Although the IDP finalized and publicized results within several hours of the 2016 caucuses, in this year’s caucus only 62 percent of the full results were reported for about 24 hours. Full results came out only after more than three days of waiting. They showed Pete Buttigieg leading Bernie Sanders by just 1.5 state delegate equivalents, 0.1 percent of the vote. For the first time, the Associated Press was unable to declare a winner in Iowa due to election irregularities and evidence of large-scale counting errors, and DNC chair Tom Perez has called for a recanvass of results. According to the New York Times, about 10 percent of precincts “appear to have mistakes in their results,” ranging from misapplying delegate-awarding rules, awarding delegates to the wrong candidates, and recording tallies that were mathematically impossible. In fact, Dallas County reported 254 people in the second alignment but only 204 in the first alignment, an impossible difference because no one is allowed to enter the precinct once the doors close and the caucuses begin. Again, the caucus system proves to be overly complex and difficult to administer without error.

Despite losing the state delegate equivalent (SDE) count, Bernie Sanders won the popular vote in both the first and final alignment in the state by more than 6,000 and 2,500 votes, respectively. To contextualize these numbers, Bernie led Pete Buttigieg in the first alignment 43,728 votes to 37,611 votes, and in the second alignment Bernie won again with 45,896 to Buttigieg’s 43,316. The reason it is possible for a candidate to win both popular votes by such significant margins but nonetheless lose the SDE count is because Iowa’s popular vote to SDE conversion system is its own version of the electoral college. Voters in rural areas, who generally tend to lean more conservative, were weighted more heavily than voters in urban areas. Not only is this system extremely anti-democratic, but it also lacks the poor justification about respect for individual state rights that defenders of the electoral college make. Iowa’s individual districts are in no way semiautonomous in any form similar to the way states are in relation to the federal government.

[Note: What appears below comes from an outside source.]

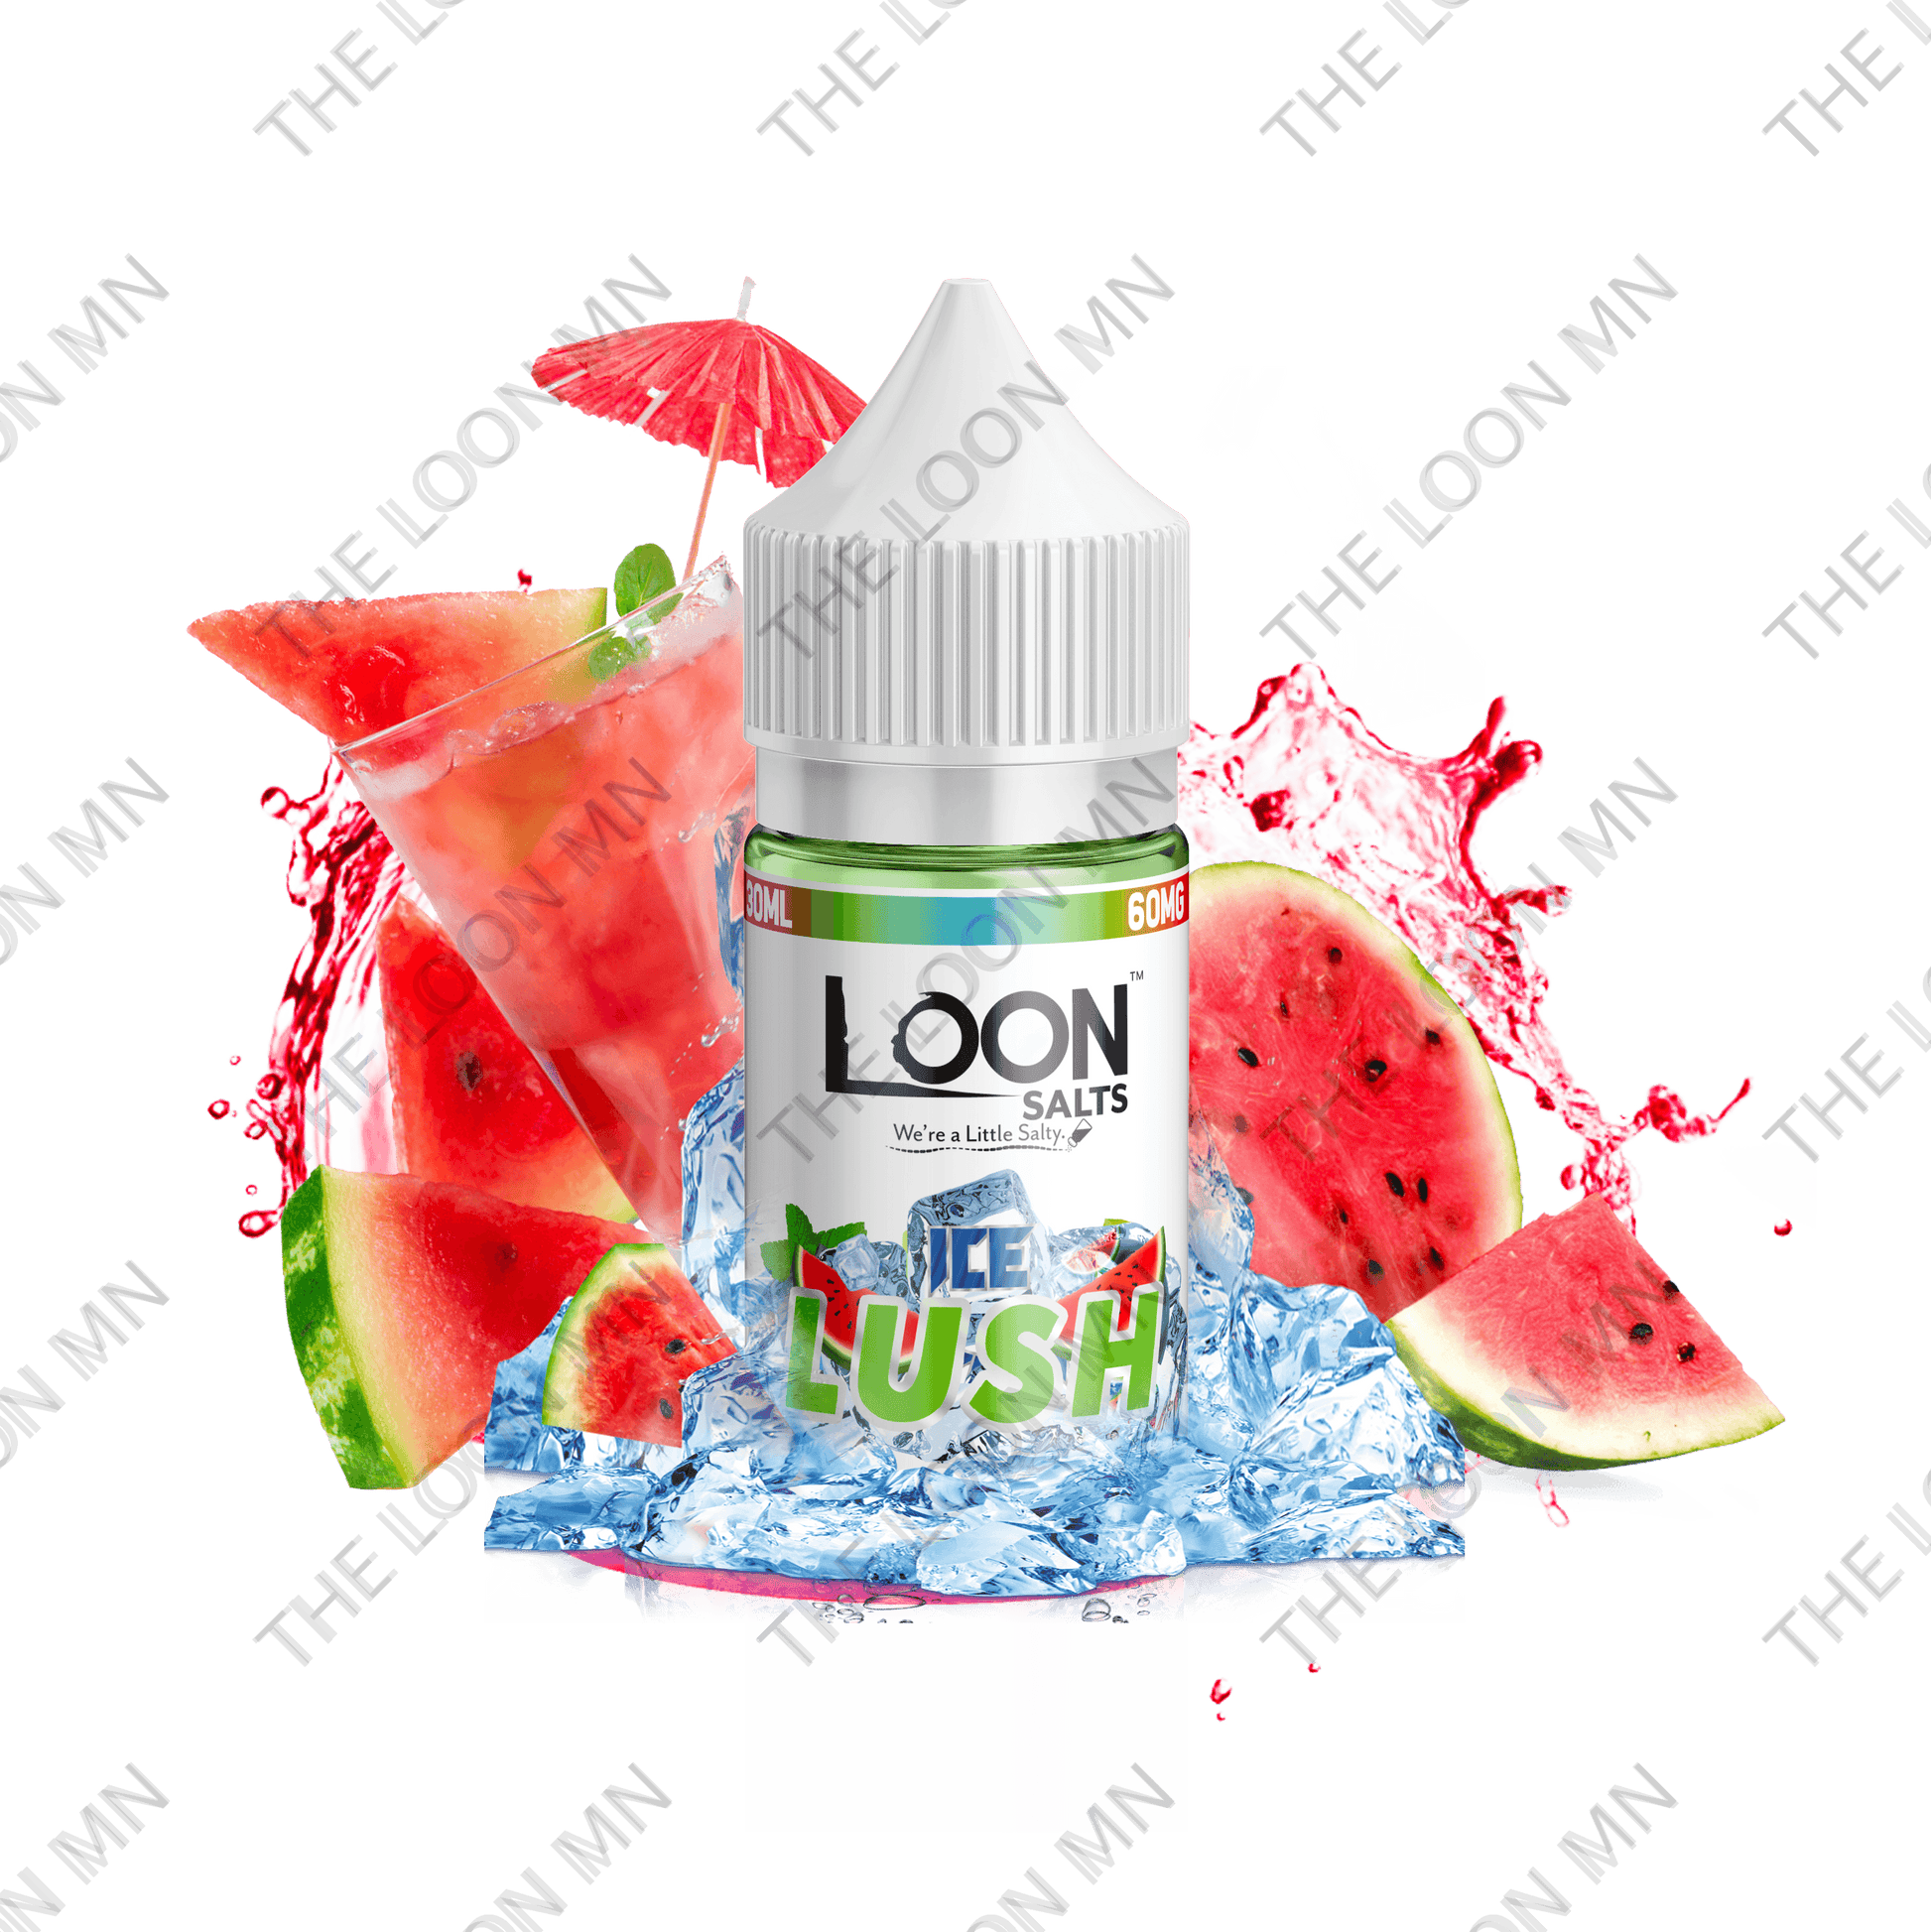 LOON SALTS - ICED LUSH - THE LOON
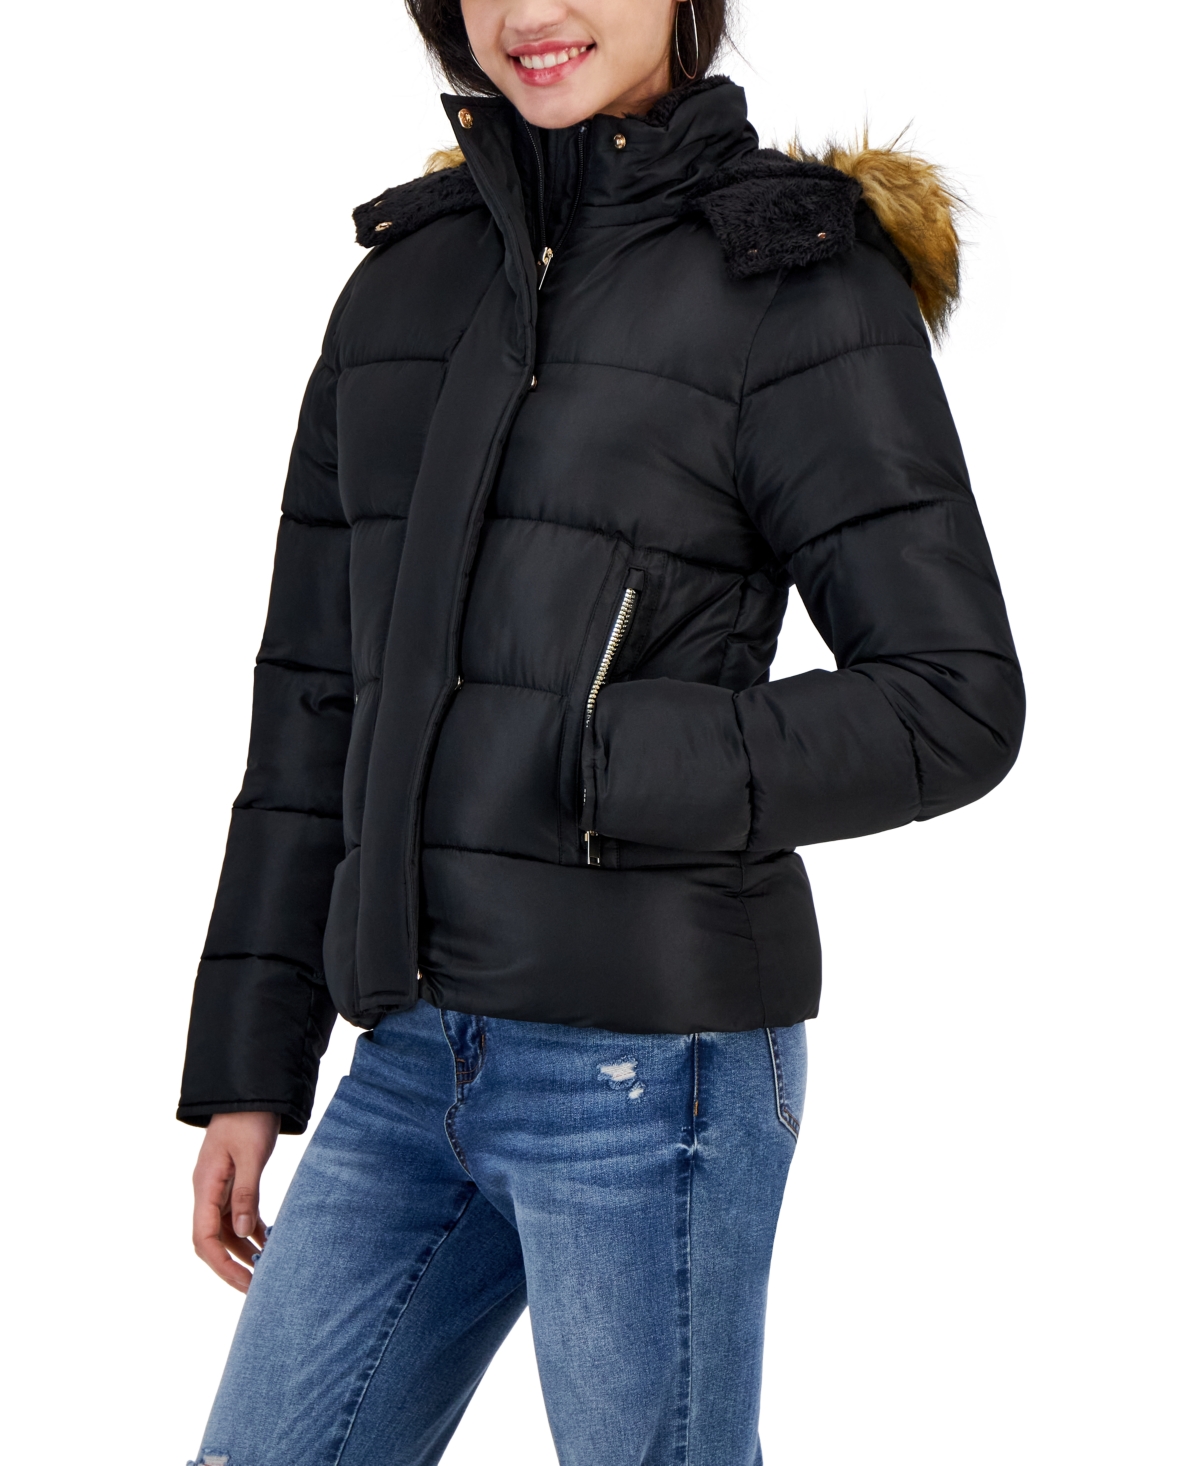 Juniors' Faux-Fur-Trim Hooded Puffer Coat, Created for Macy's - Black

Over the past few years, former caucus states have begun switching to primary systems. Washington, Minnesota, Colorado, Utah, Idaho, and Nebraska have all recently switched to primaries, while Iowa, Nevada, North Dakota, Wyoming, Kentucky (only for Republicans), American Samoa, the US Virgin Islands, and Guam continue to hold them. States that have transitioned have since largely run primaries devoid of error and have not needed to deal with the controversies Iowa now faces. If the US is to improve the efficiency, integrity, and democracy of their electoral system, its major parties must transition towards a full primary system and completely do away with caucuses as soon as possible.